According to a preferred embodiment of the present invention, the liquid guide jacket has at least one, preferably 2 to 20, 4 to 18, 6 to 16 or 8 to 14, guide vanes for deflecting the flow flowing towards the liquid guide jacket in the circumferential direction to the jacket axis. In this way, in particular, an additional centrifugal force component can be provided, as a result of which the degree of separation of the centrifugal separator can be increased. Taking into account the above and following statements on the arrangement of the guide vanes relative to the conical surface, the person skilled in the art will recognize that they can transfer this to the arrangement of the guide vanes to the liquid guide jacket and vice versa in order to further increase the degree of separation of the centrifugal separator and / or to increase the space requirement of the centrifugal separator to reduce.

The flow guide body and the liquid jacket are preferably arranged relative to one another in such a way that the liquid-laden flow is deflected into an S-shaped course. Particularly preferably, the conical jacket surface and the funnel jacket surface delimit an S-shaped channel in cross section, which preferably widens radially in the direction of the longitudinal axis flow. Particularly preferably, the S-shaped channel extends first along the longitudinal axis in the longitudinal axis flow direction, describes a curved course in the radial direction up to the apex of the S-shaped course, in particular in the direction of the liquid duct, describes a curved course in the longitudinal axis flow direction downstream of the apex and finally goes into over a course extending in particular in the direction of longitudinal axis flow.

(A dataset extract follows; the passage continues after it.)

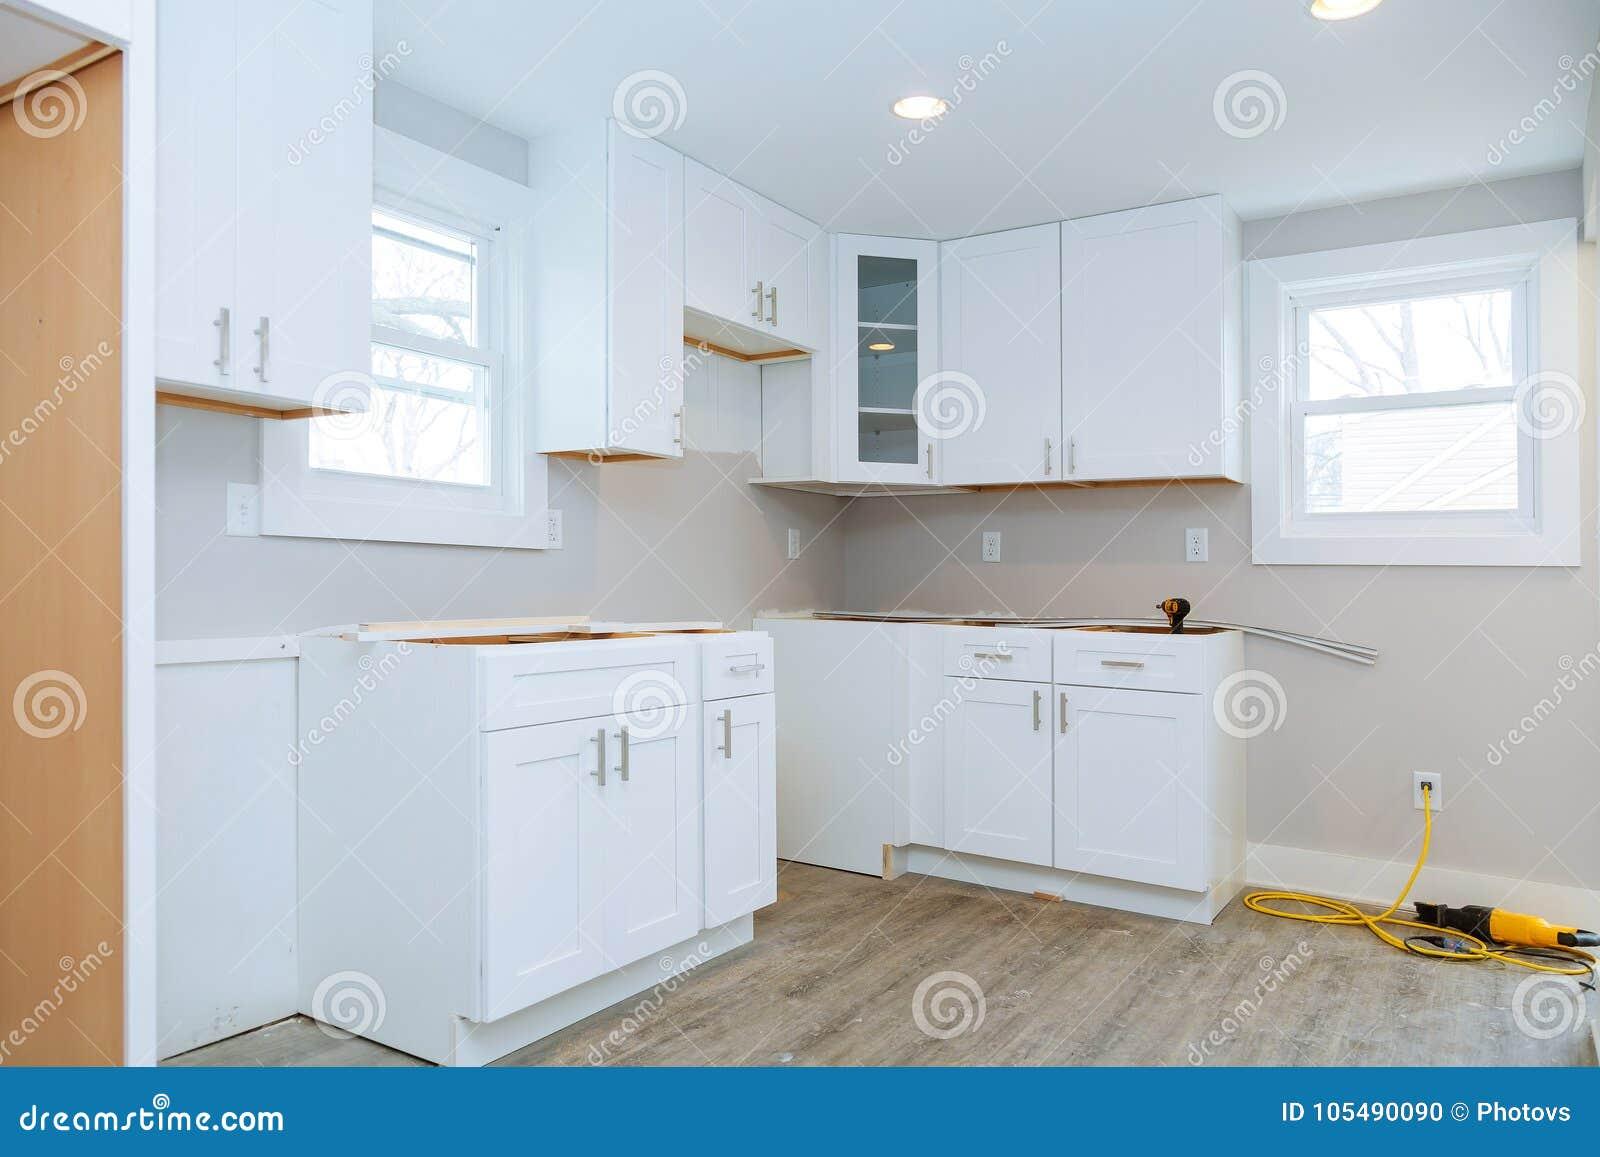 instal kitchen cabinets Interior design construction of a kitchen

In a preferred embodiment of the present invention, the at least one guide vane connects orthogonally to the liquid guide jacket and / or protrudes from the liquid guide jacket in the direction opposite to the radial direction and / or extends along the liquid guide jacket in the longitudinal axis flow direction and in the radial direction. In particular, the guide vanes of the liquid guide jacket extend helically around the jacket axis. In addition, the guide vanes preferably extend in the radial direction, as a result of which, in particular, a greater angle of curvature can be achieved with a constant longitudinal extension and constant radius of curvature. As a result, the degree of separation can again be increased and / or the length of the centrifugal separator can be increased while the degree of separation remains the same be reduced. The extension of the guide vanes in the radial direction is particularly preferably achieved in that the guide vanes are aligned orthogonally on the concavely shaped funnel jacket surface.

According to a preferred embodiment of the present invention, the centrifugal separator comprises a feed line feeding the liquid-laden stream along a feed axis to the flow guide body and a discharge line discharging the liquid-discharged stream from the flow guide body along a discharge axis. Preferably, the feed axis and / or the at least 30 Abführachse ^0, inclined 45 degrees or 6o ° to the longitudinal axis of the flow extends. The feed axis and / or the discharge axis particularly preferably extends orthogonally to the longitudinal axis. As an alternative or in addition, the feed axis and the discharge axis extend parallel to one another and are particularly preferably offset from one another in the direction of longitudinal axis flow. The inclined arrangement of the feed axis and / or the discharge axis in relation to the longitudinal axis of the flow guide body has the particular effect that the liquid-laden flow is also deflected upstream and downstream of the flow guide body, in particular set in rotary motion, and is thus subjected to a centrifugal force. Due to the inclination of both the feed axis and the discharge axis to the longitudinal axis, the liquid-laden flow is deflected in particular in a further S-shaped course, with the apex of the further S-shaped course in particular in the area of the flow guide body.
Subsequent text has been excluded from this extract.